PROBLEM DETAILS: Could the data below be copied exactly, minus the pictures?

(GIVEN INFORMATION Opens)

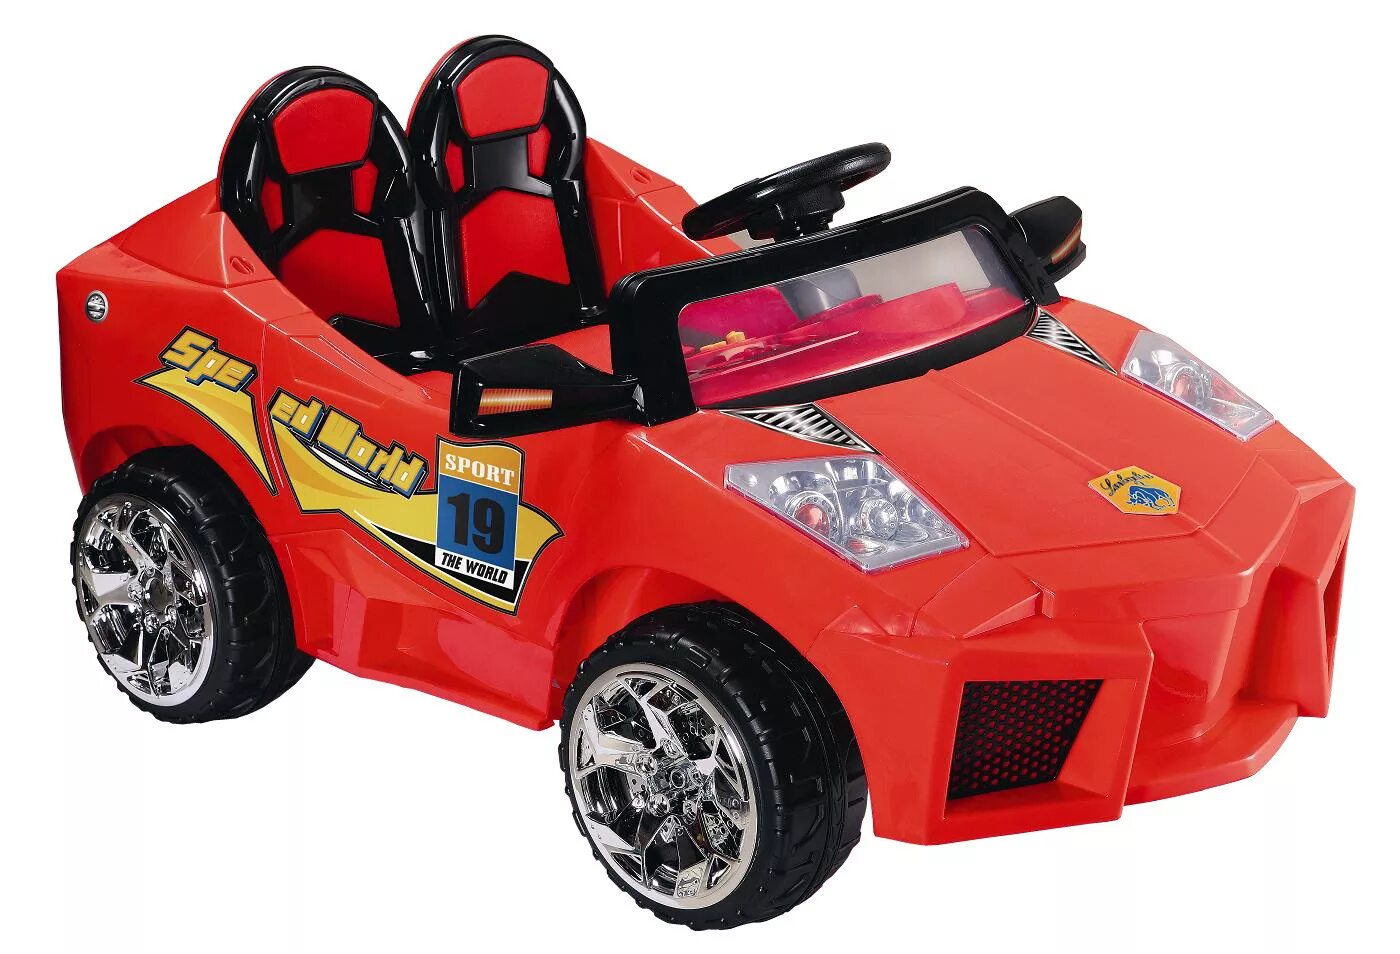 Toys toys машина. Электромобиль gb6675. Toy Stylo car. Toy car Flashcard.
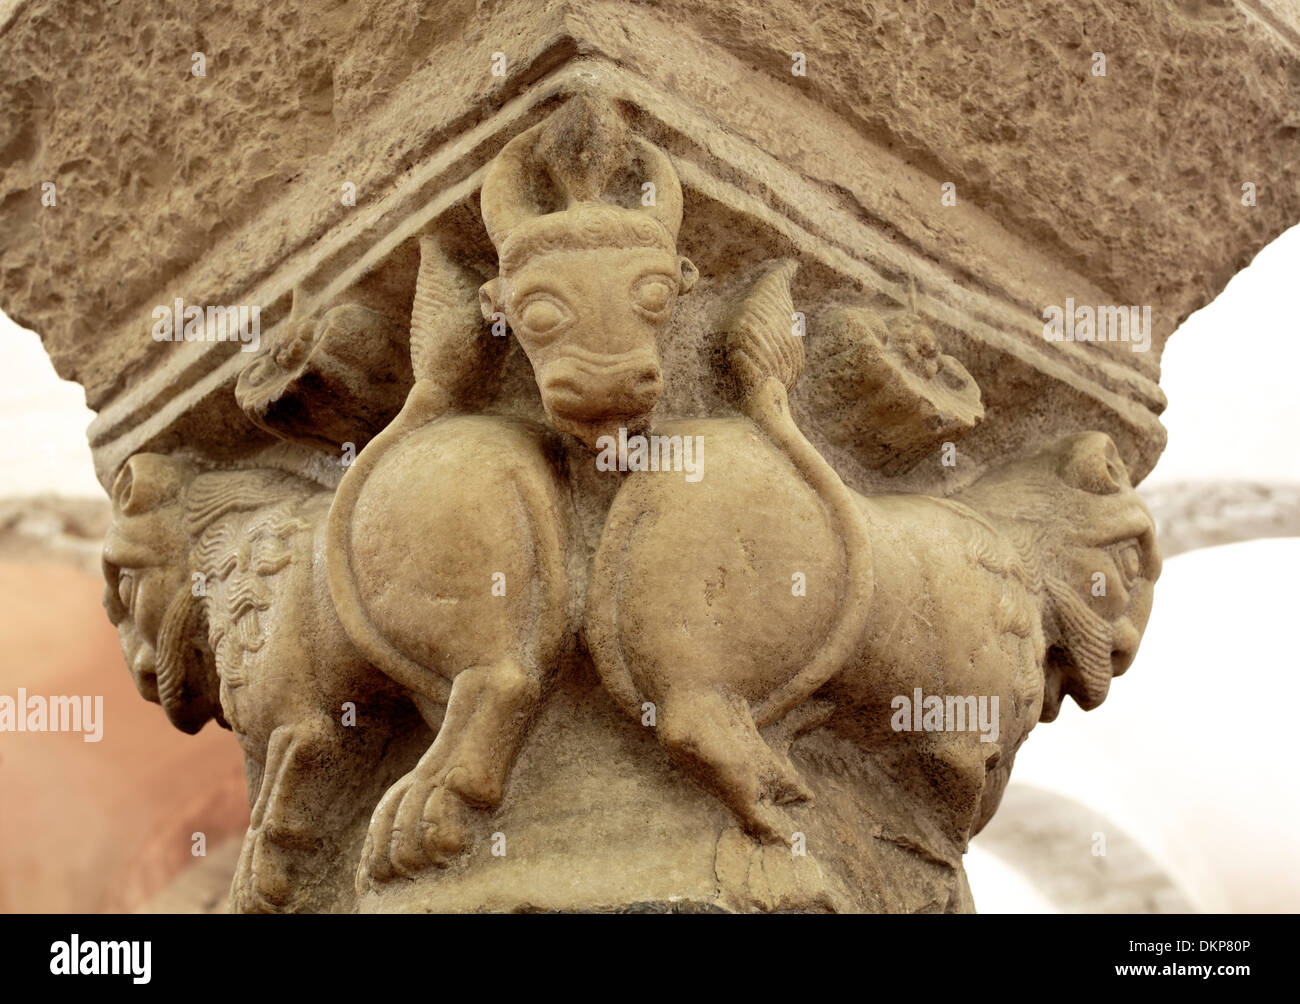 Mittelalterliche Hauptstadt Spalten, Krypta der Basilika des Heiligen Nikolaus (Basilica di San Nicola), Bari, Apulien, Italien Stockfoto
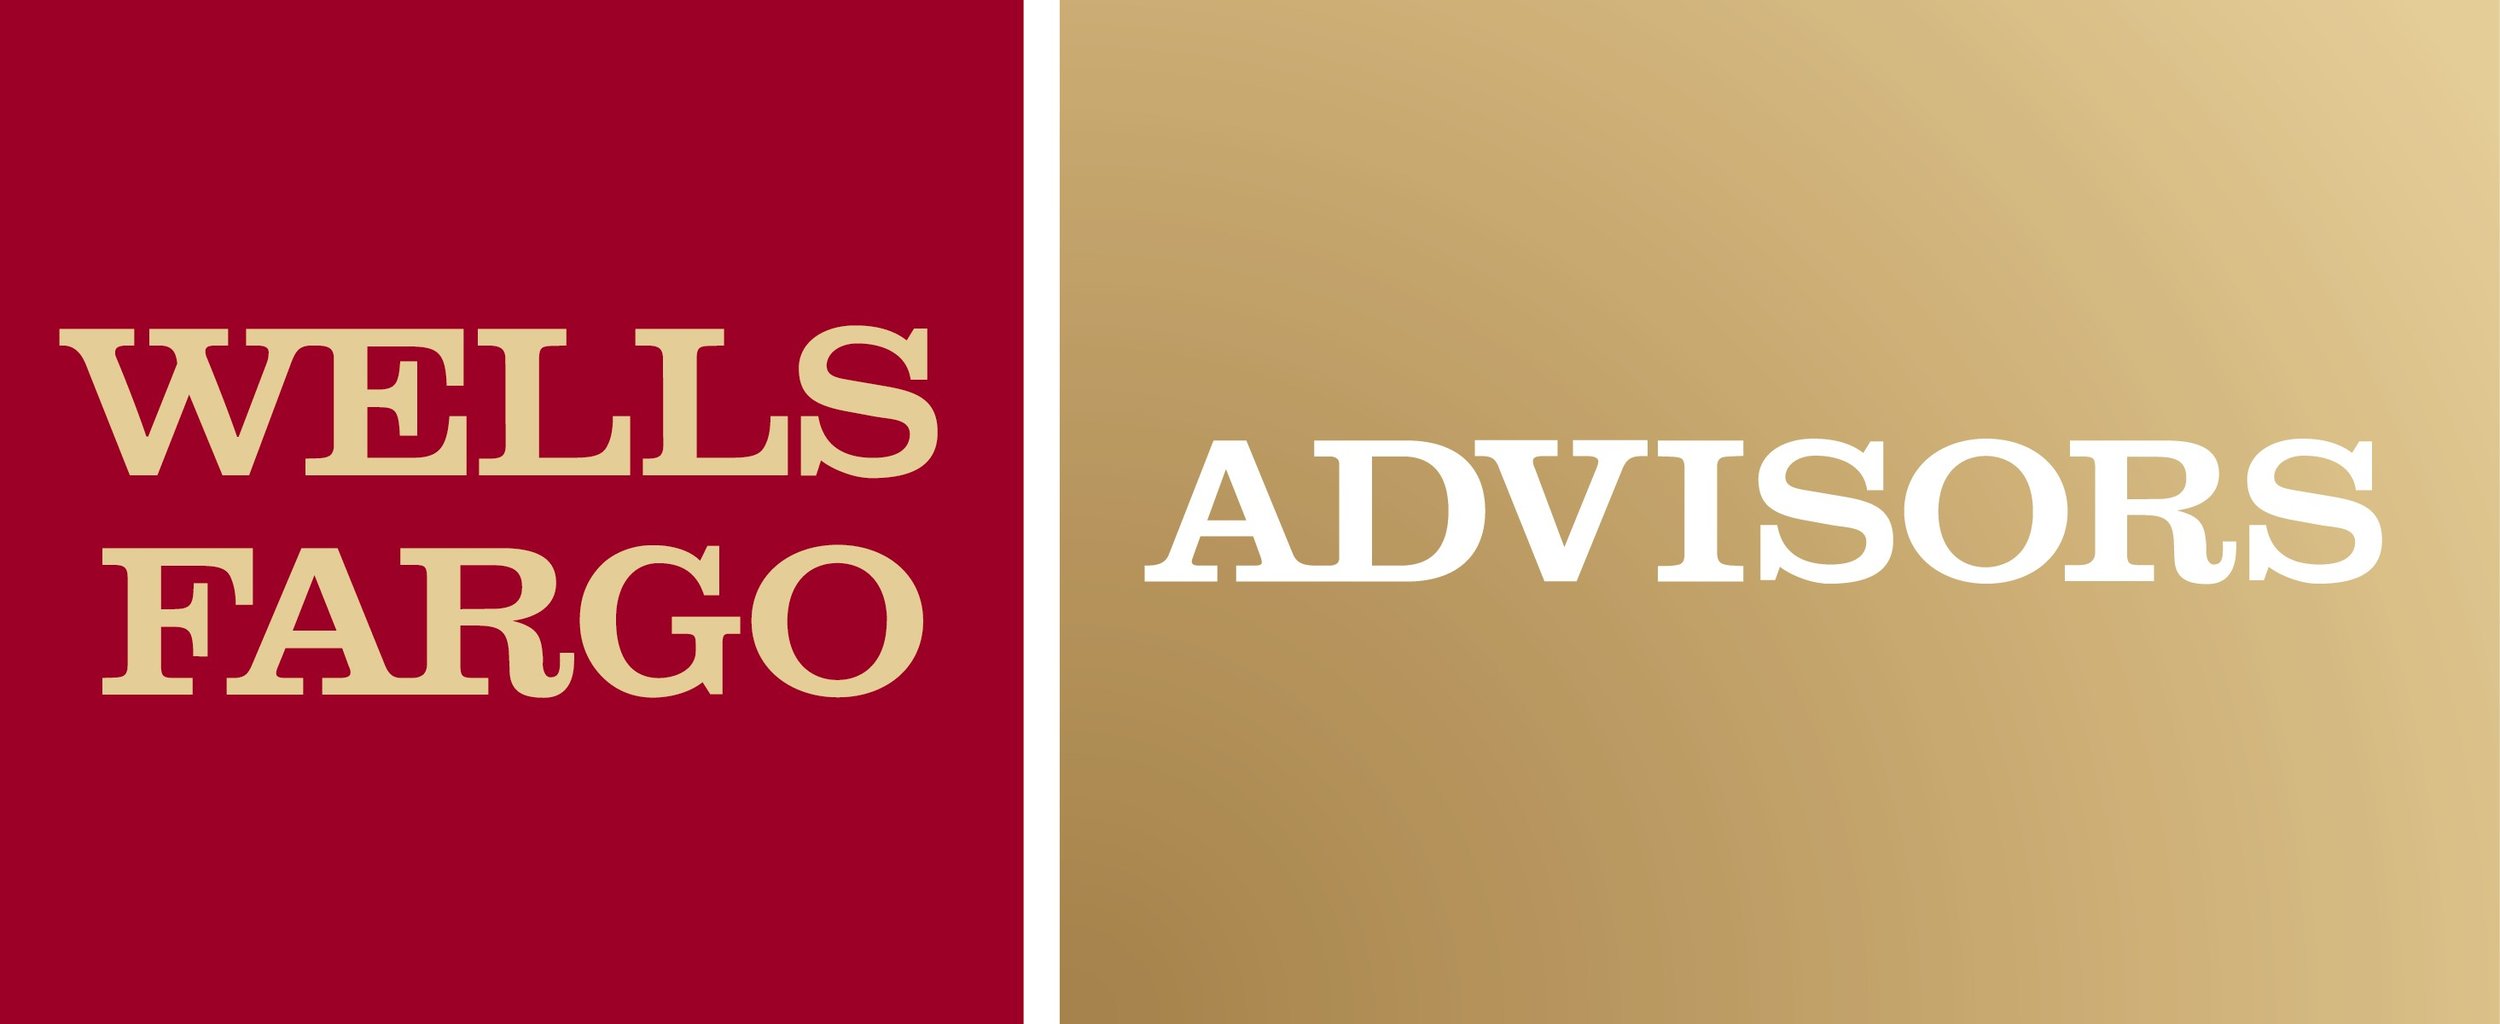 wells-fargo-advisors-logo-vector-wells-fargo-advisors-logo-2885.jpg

(GIVEN INFORMATION Closes)

SOLUTION TO THIS PROBLEM:
 Toys toys машина. Электромобиль gb6675. Toy Stylo car. Toy car Flashcard.
 Mittelalterliche Hauptstadt Spalten, Krypta der Basilika des Heiligen Nikolaus (Basilica di San Nicola), Bari, Apulien, Italien Stockfoto
 wells-fargo-advisors-logo-vector-wells-fargo-advisors-logo-2885.jpg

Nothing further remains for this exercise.